La première revêt plusieurs facettes ; découverte d’une activité qui n’en finit pas de me surprendre et d’éveiller mon intérêt. Quel plus exigeant chemin que celui de l’écriture ? Reflet de la pensée, de l’imaginaire, des peurs et des craintes, des espoirs et des déceptions. Comment transmettre les émotions sans se fourvoyer, sans tomber dans la facilité ?

Celle du plaisir d’écrire, d’un apprentissage de chaque jour, d’une quête inaccessible vers un aboutissement qui ne l’est jamais. 
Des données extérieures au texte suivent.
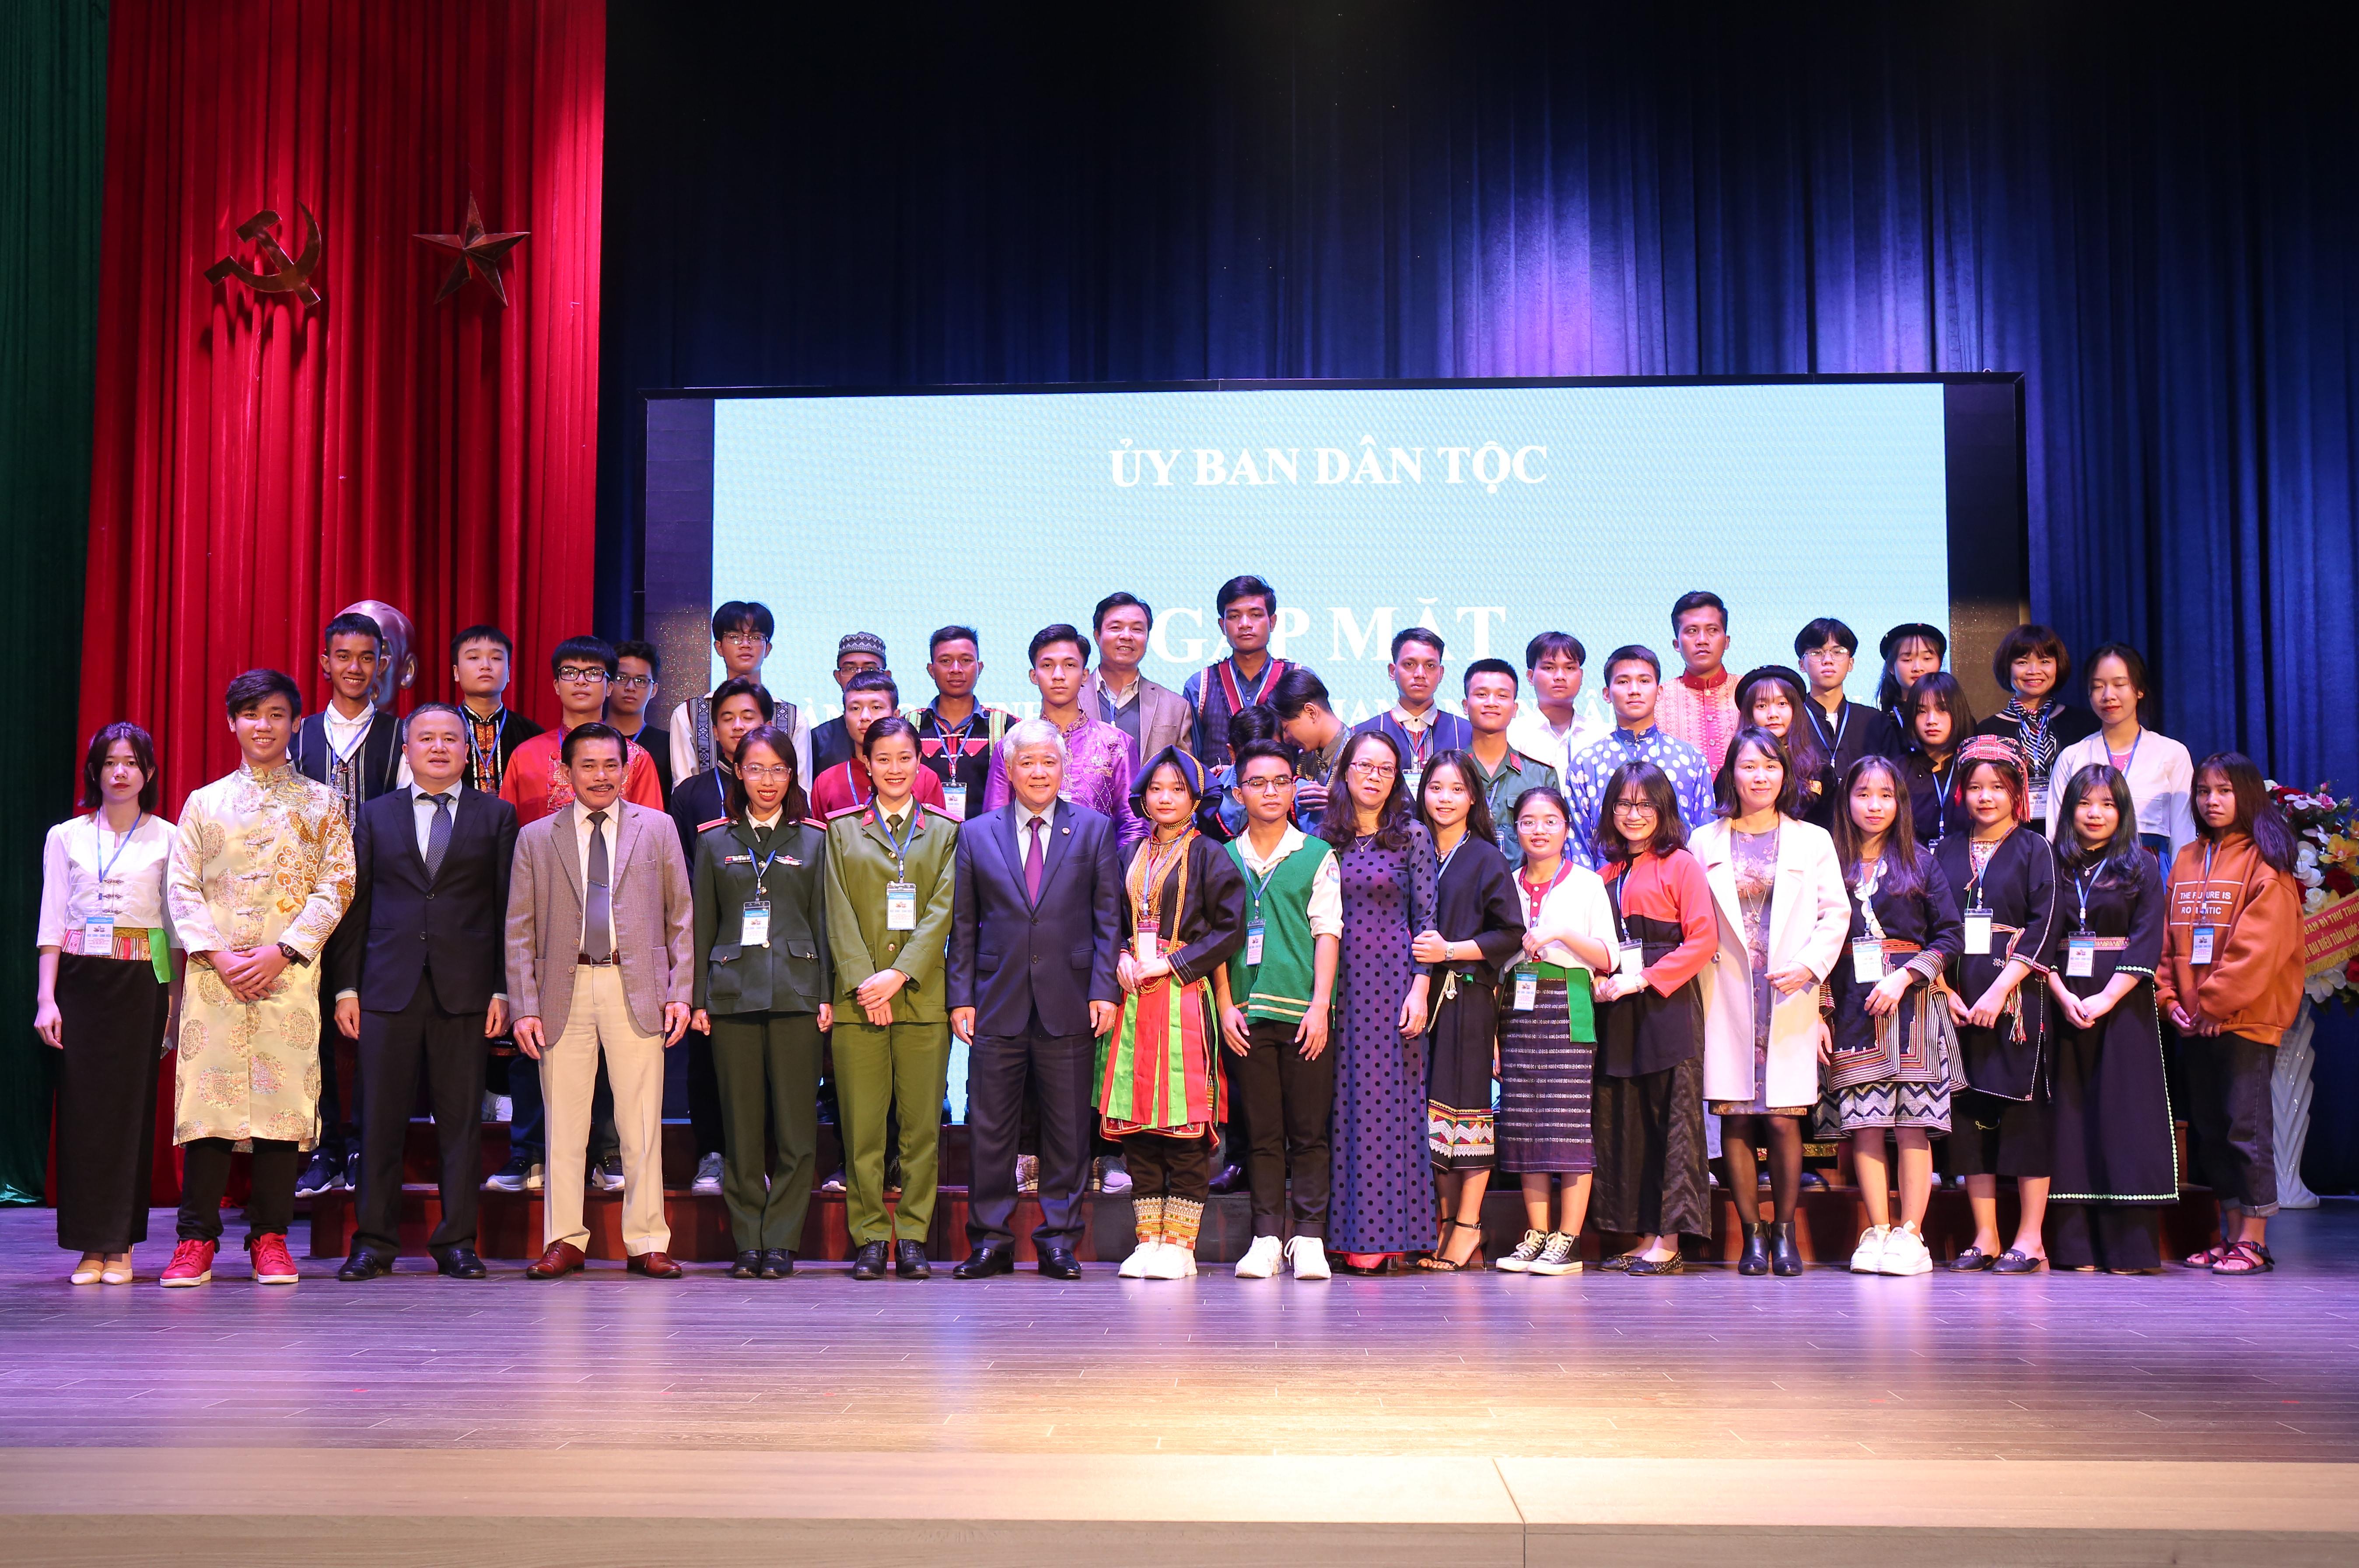 Bộ trưởng, Chủ nhiệm Đỗ Văn Chiến và Thứ trưởng, Phó Chủ nhiệm Hoàng Thị Hạnh cùng các thành viên Ban Chỉ đạo, Ban Tổ chức chụp ảnh lưu niệm với HS, SV, TN DTTS tại buổi gặp mặt.

D’un passe-temps, pour ne pas dire passion, qui m’absorbe tout entier et m’emporte à des années-lumière de la réalité.

La découverte d’un Nouveau Monde : l’autoédition. Une contrée sauvage, sans règle ni loi, sans limites, sans le moindre carcan. On y côtoie l’absurde, le dérisoire, le technique et le vaporeux, l’horreur et la poésie, le tout sans aucune contrainte. Cela me fait penser à la naissance du Web, nébuleuse contrée. Certes, on pourrait se courroucer du manque de professionnalisme, de l’amateurisme diront certains avec dédain, mais il a le mérite d’exister et c’est merveilleux. Quel autre lieu permet à tout à chacun de s’exprimer et de pouvoir être lu ? Charge au lecteur, dans ce monde de bric et de broc, de trouver chaussure à son pied en fonction de ses propres critères. Je ne doute pas qu’il finisse par trouver.

La découverte des lecteurs. Quelle frustration cela doit être, que de livrer ses écrits sans pouvoir recevoir en retour l’avis de celui qui s’y penche ! J’ai fait de belles rencontres virtuelles, elles sont nombreuses et il m’est impossible de les lister. Des personnes, en chair et en os, qui au travers d’un mail, de ma page Facebook, me suivent  me soutiennent, m’encouragent,  me bousculent et me font avancer. 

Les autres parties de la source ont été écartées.